Study of MLN8237 in Combination With Irinotecan and Temozolomide
a study on Neuroblastoma
The goal of the first part of this clinical trial (Phase I portion) is to study the side effects, drug breakdown (pharmacokinetics), and dosing of the drug MLN8237 when added to standard chemotherapy drugs, irinotecan and temozolomide. The goal of the second part of this clinical trial (Phase II portion) is to learn how many children and young adults show improvements in their neuroblastoma when treated with the combination of MLN8237, irinotecan, and temozolomide.
Phase I/II Study of MLN8237 in Combination With Irinotecan and Temozolomide for Patients With Relapsed or Refractory Neuroblastoma
The Aurora A kinase has been shown to play an important role in neuroblastoma growth. Inhibition of Aurora A kinase activity attenuates the growth of neuroblastoma cells. MLN8237 is a selective small molecule inhibitor of Aurora A kinase that has completed pediatric single-agent phase I testing, as well as stage 1 phase 2 testing in patients with Neuroblastoma. MLN8237 showed activity against the NCI-sponsored Pediatric Preclinical Testing Program neuroblastoma in vivo panel that exceeded the activity level observed with chemotherapy agents routinely used in the treatment of neuroblastoma. Additional in vitro and in vivo studies have shown that Aurora A kinase inhibitors result in enhanced cytotoxicity when used in combination with chemotherapy. Irinotecan and temozolomide is a commonly used salvage regimen for patients with relapsed or refractory neuroblastoma. This combination has a modest objective response rate (16%) and is well-tolerated, suggesting that it will provide a useful platform for the study of novel compounds in combination with chemotherapy. Preclinical studies demonstrate marked enhancement of anti-neuroblastoma activity with the addition of MLN8237 to irinotecan and temozolomide. This study therefore evaluates the tolerability and activity of MLN8237 in combination with irinotecan and temozolomide in children with refractory or relapsed neuroblastoma. Patients receive irinotecan (50 mg/m2/dose IV) and temozolomide (100 mg/m2/dose orally) once daily for 5 days along with MLN8237 orally once daily for 7 days. The doses of irinotecan and temozolomide will be fixed and the dose of MLN8237 will be dose-escalated. In the phase I portion of the study, the primary aims are to determine the recommended phase II doses of this combination, describe the toxicity of this combination, and characterize the pharmacokinetic profile of MLN8237 and irinotecan when used in combination.

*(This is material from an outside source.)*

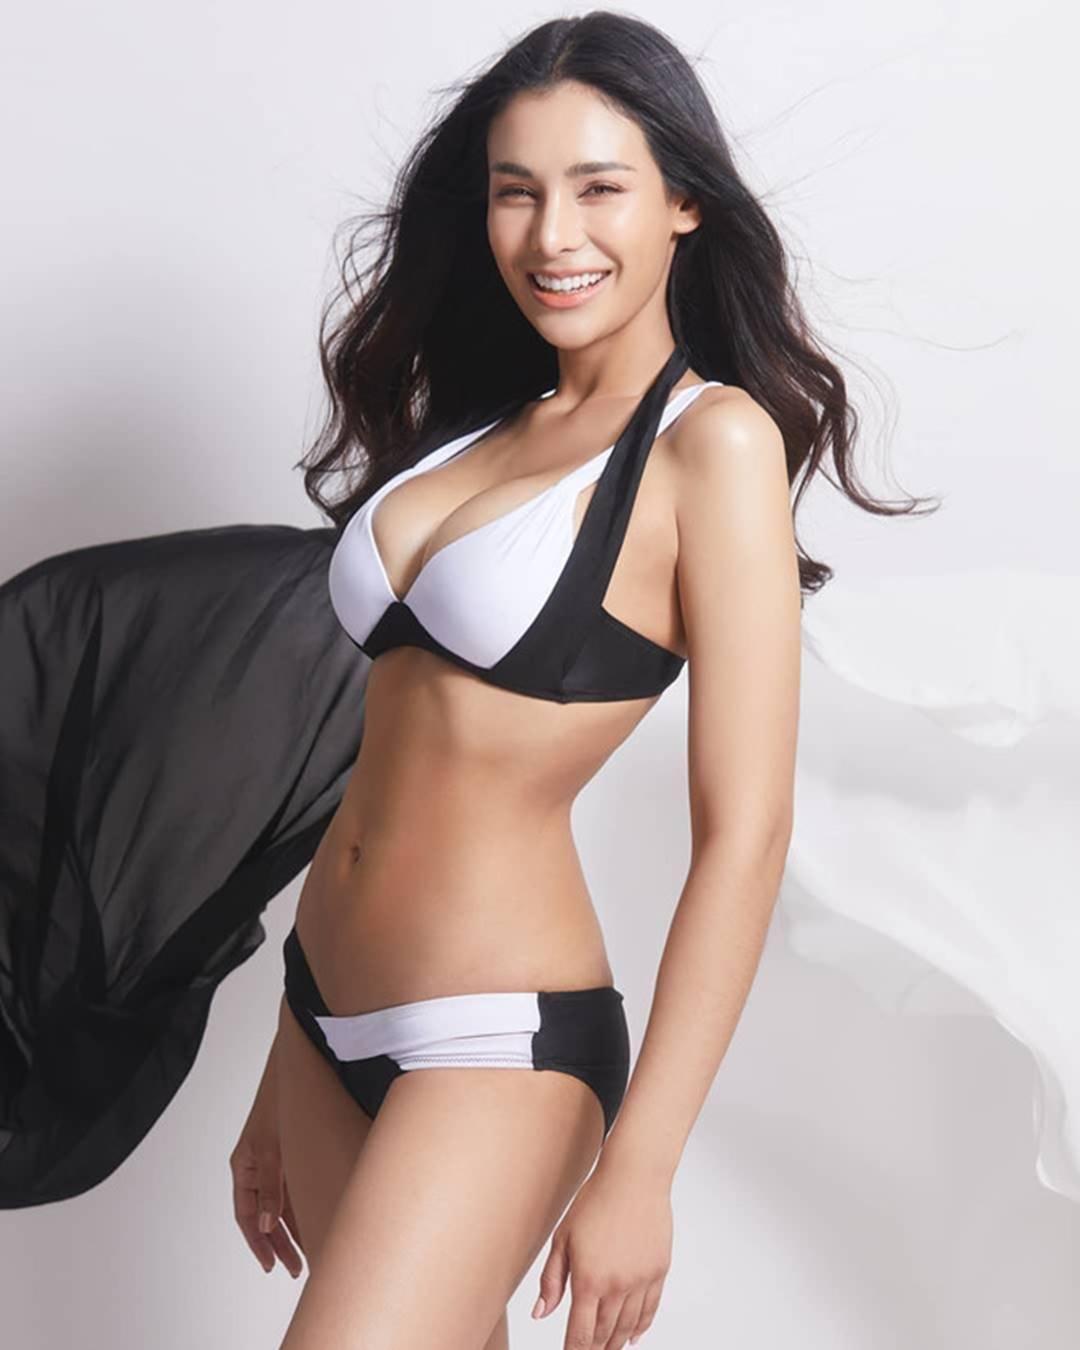 Tân Hoa hậu Hòa bình Thái Lan bị chê kém sắc và xấu tính-5

In the phase II portion of the study, the primary aim is to determine the objective response rate of this combination in patients with relapsed or refractory neuroblastoma. With Amendment 5, the tolerability and pharmacokinetics of an MLN8237 oral solution will be evaluated. Optional correlative studies will evaluate UGT1A1 polymorphisms as predictors of toxicity and archival tumor tissue Aurora A expression as a predictor of response with this combination.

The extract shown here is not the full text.